Throughout all the essays we have read in class there is one thing that almost always comes to my mind and that is how our education system teaches the Civil Rights Movement versus what really happened in the movement. In my experiences, the Civil Rights movement was something that was always brought up at least once a year in a history class throughout middle school and high school. Despite the movement being discussed many times, the way it is discussed is very different than what we have learned in this class and from the essays we have read. Many people have the perception that the movement was solely about racism and that the movement ended quickly. I believe they have this idea because of the way the movement is taught in schools. These topics obviously have been discussed frequently throughout class so we know these things are not true but in my opinion, the civil rights movement is something that everyone should have an in-depth knowledge of and is something that needs to be focused on more at the middle and high school levels.

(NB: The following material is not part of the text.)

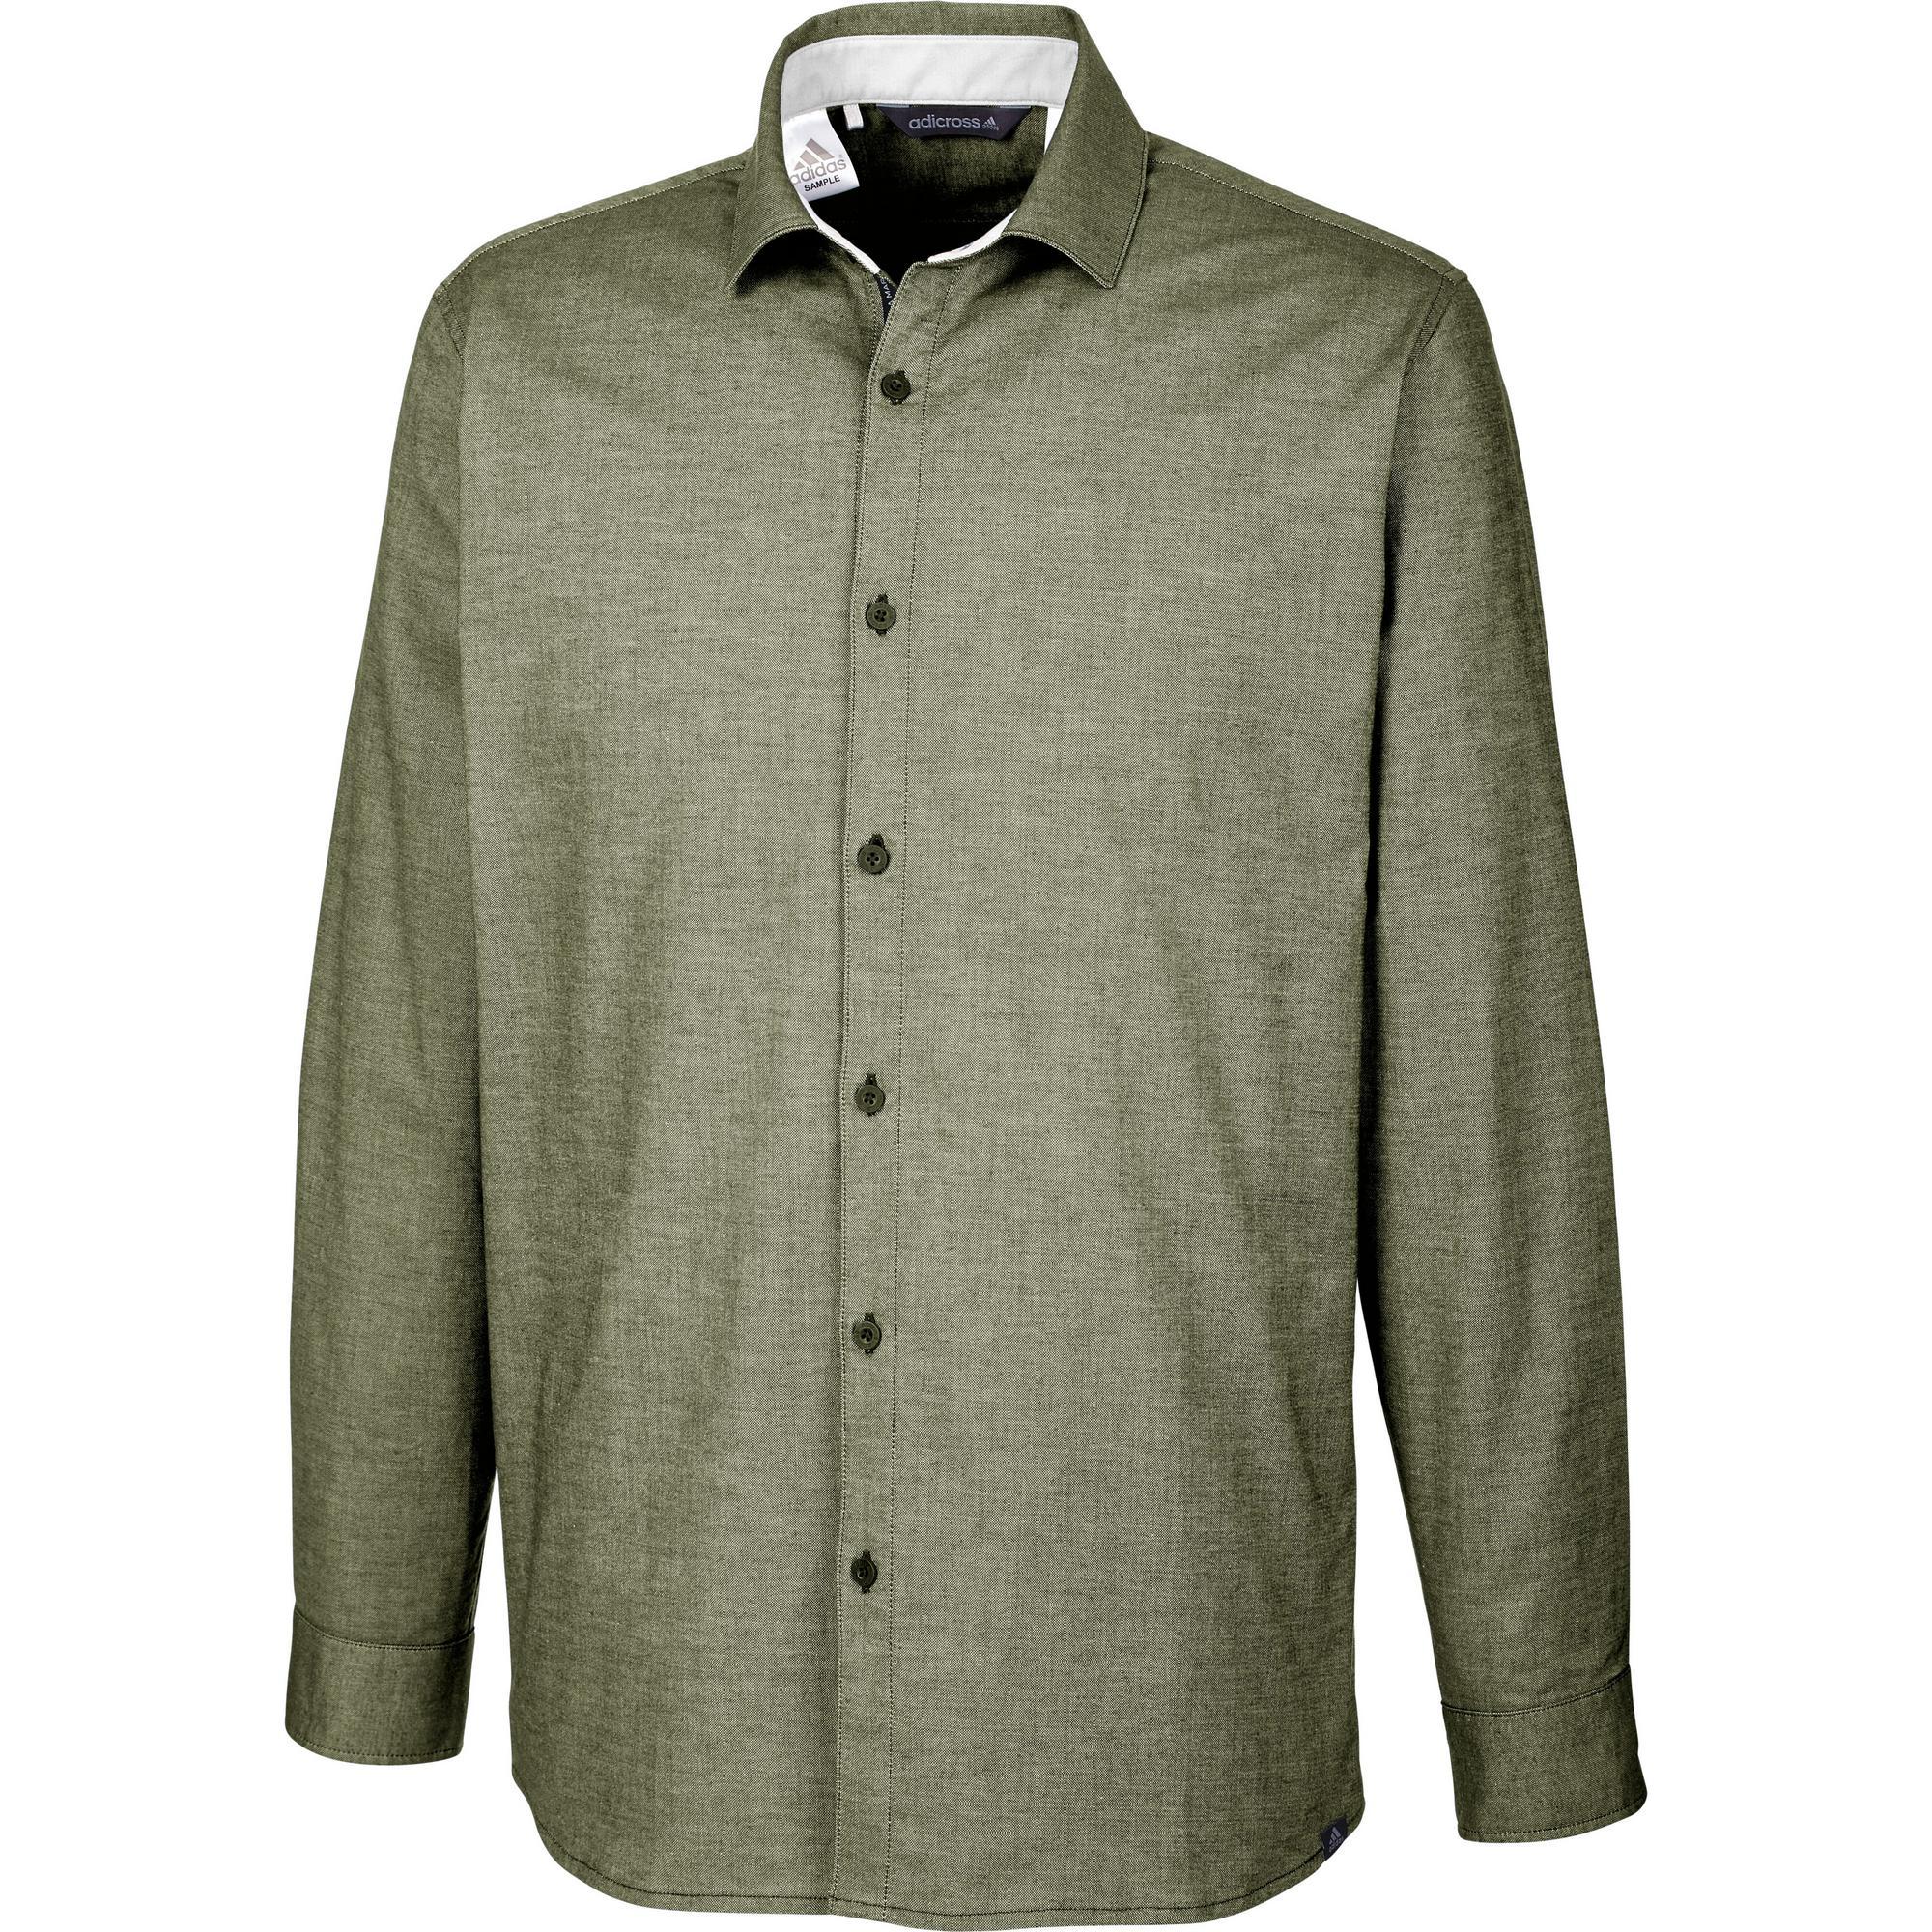 Men's adicross Beyond 18 Stretch Woven Oxford Long Sleeve Shirt

In my experience, discussing the movement at the high school level was just simply going over the major names involved with the movement like Rosa Parks and Martin Luther King. Up until this class I had very little knowledge about the movement at a local level because we only focused on the major names. I also didn’t realize how much more the movement was about then just racism. After just being in this class for a few weeks it became apparent to me that the education system had kind of “failed me” in a way. I didn’t know this information because it was never taught. In order for people to have a better understanding of the movement and a better appreciation for it, we need to change the way the movement is taught in our schools. Instead of talking about the big names, schools should focus on the local movement and what all the movement was actually fighting for.

I can’t help but wonder, especially after today’s discussion about if reading more essays like The Long Civil Rights Movement and the Political Uses of the Past would have affected the election, how differently recent events would have unfolded if our students were taught the Civil Rights movement in a more in-depth way.